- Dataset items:
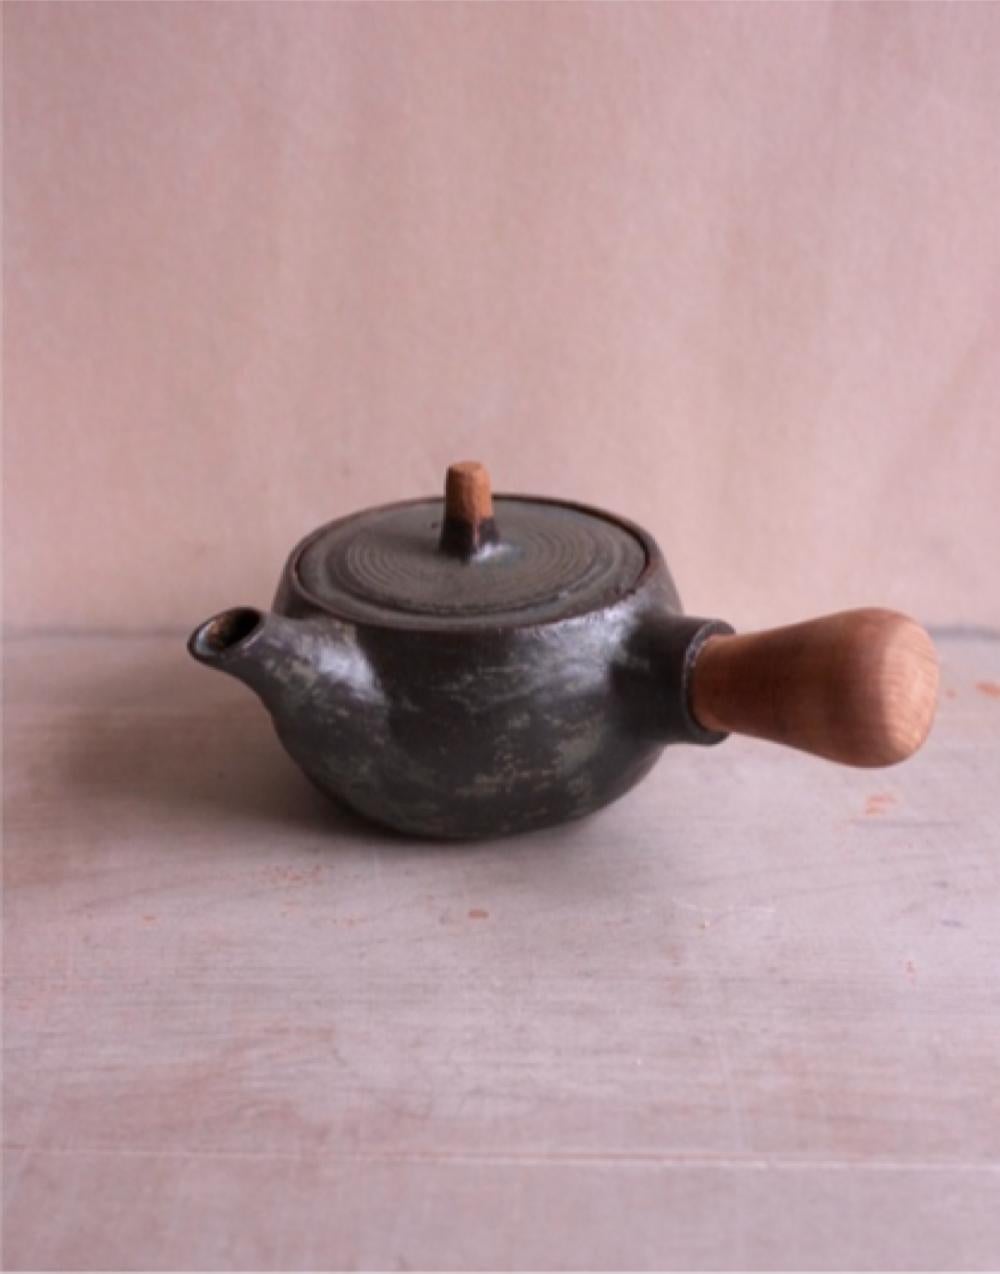 ?Title : Wheel thrown tea pot with wooden handle in ochre clay and
Matte midnight blue/black + sheer glaze
2021s / Belgium
Size : W 150 x D 190 x H 75 mm
Artist : Sigrid Volders


[Sigrid Volders]
Based in Antwerp, Belgium, she works
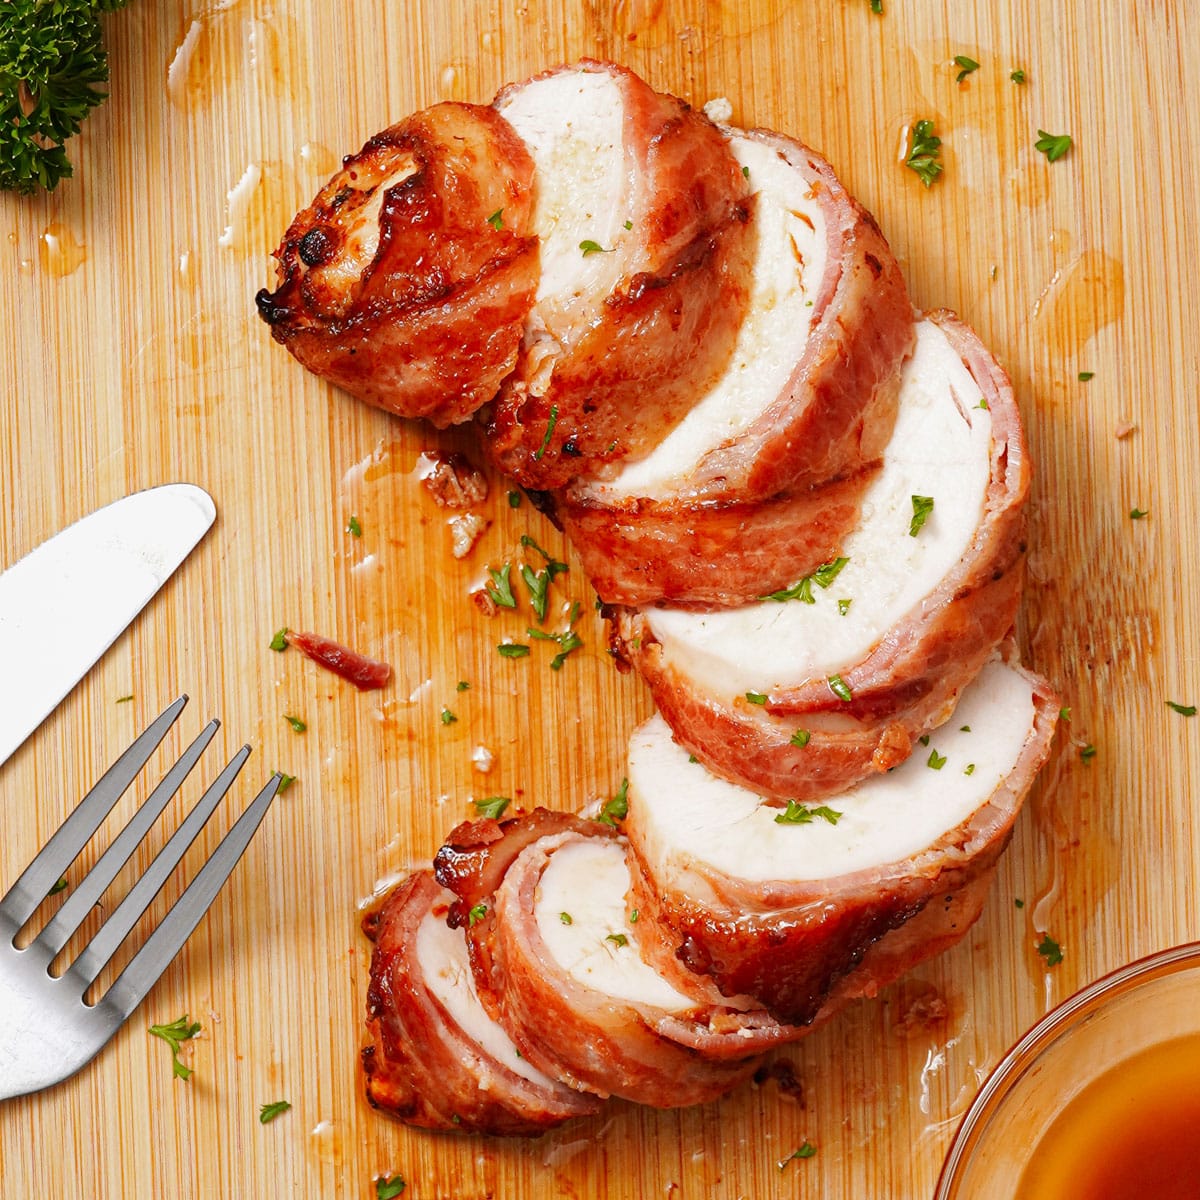 Sliced air fried bacon wrapped chicken breast on a bamboo chopping board.
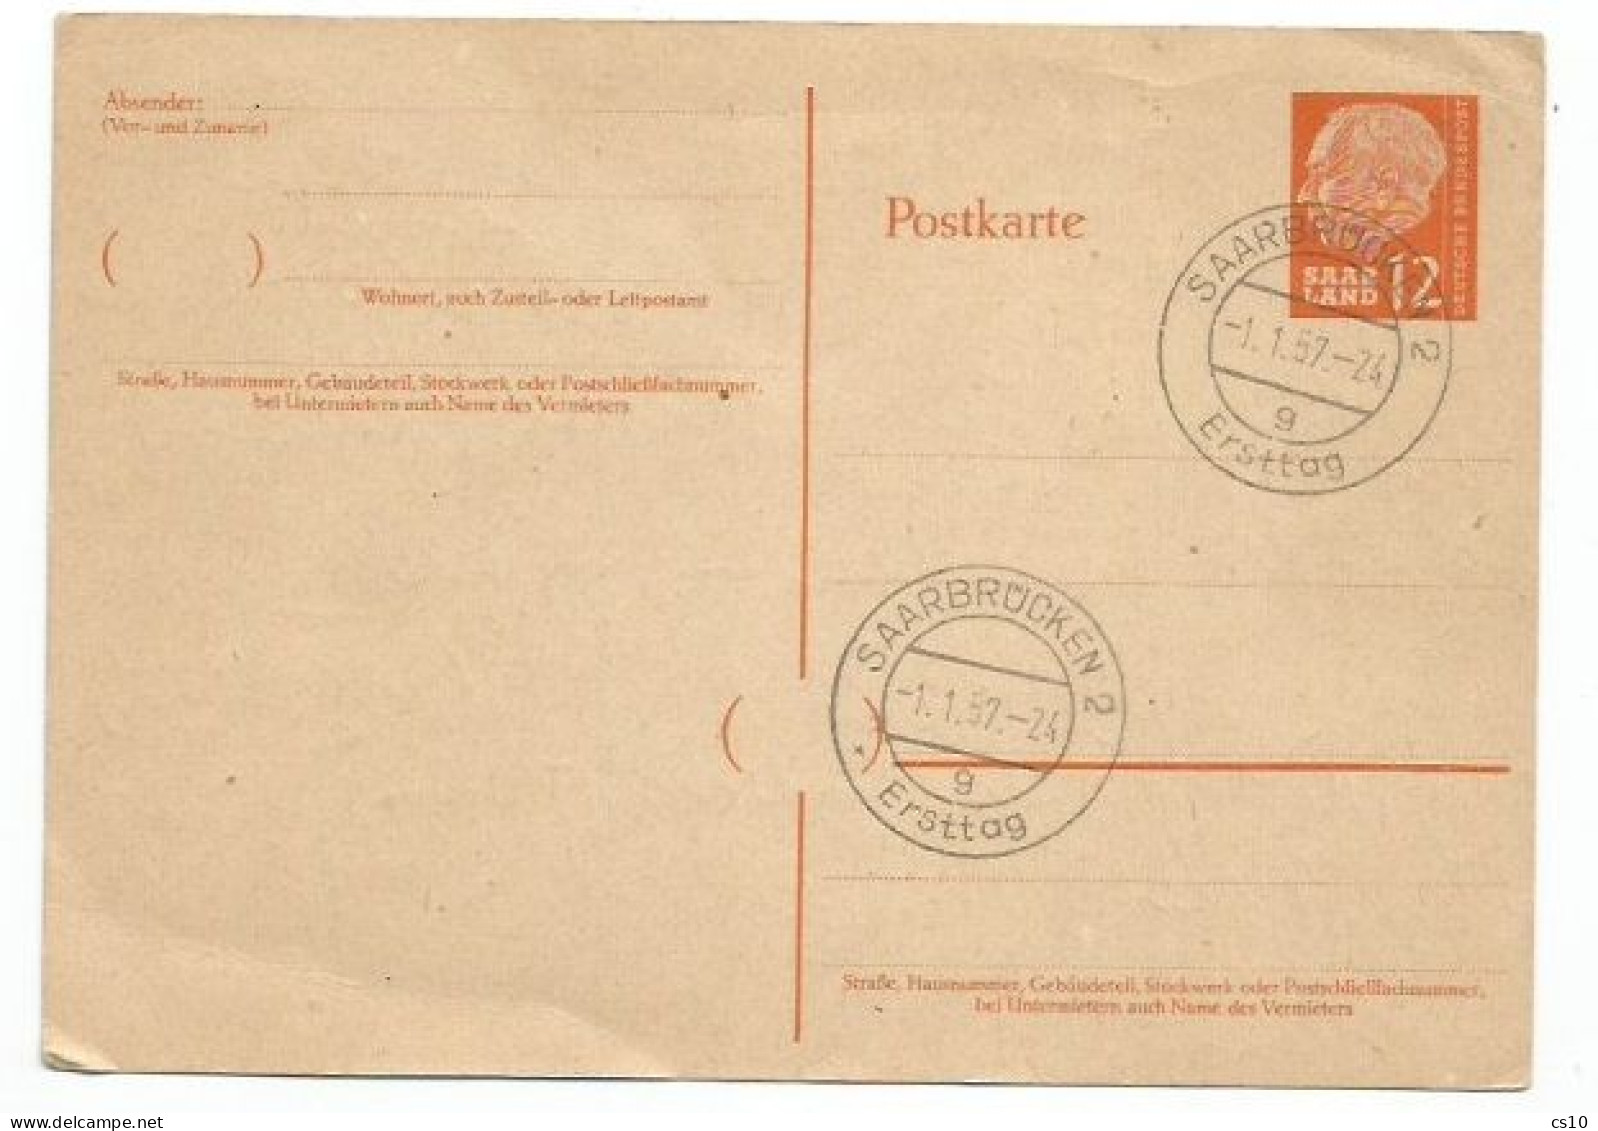 SaarLand PSC Card  President Heuss 12F With PMK Erstag 1jan1957 "Back To Germany" Day - Lettres & Documents

- Assigned task:
Please copy the lines above, starting at the one that holds "2021s / Belgium" and stopping after the last line, exactly as they appear and minus the pictures.

- Solution for this exercise:
2021s / Belgium
Size : W 150 x D 190 x H 75 mm
Artist : Sigrid Volders


[Sigrid Volders]
Based in Antwerp, Belgium, she works
 Sliced air fried bacon wrapped chicken breast on a bamboo chopping board.
 SaarLand PSC Card  President Heuss 12F With PMK Erstag 1jan1957 "Back To Germany" Day - Lettres & Documents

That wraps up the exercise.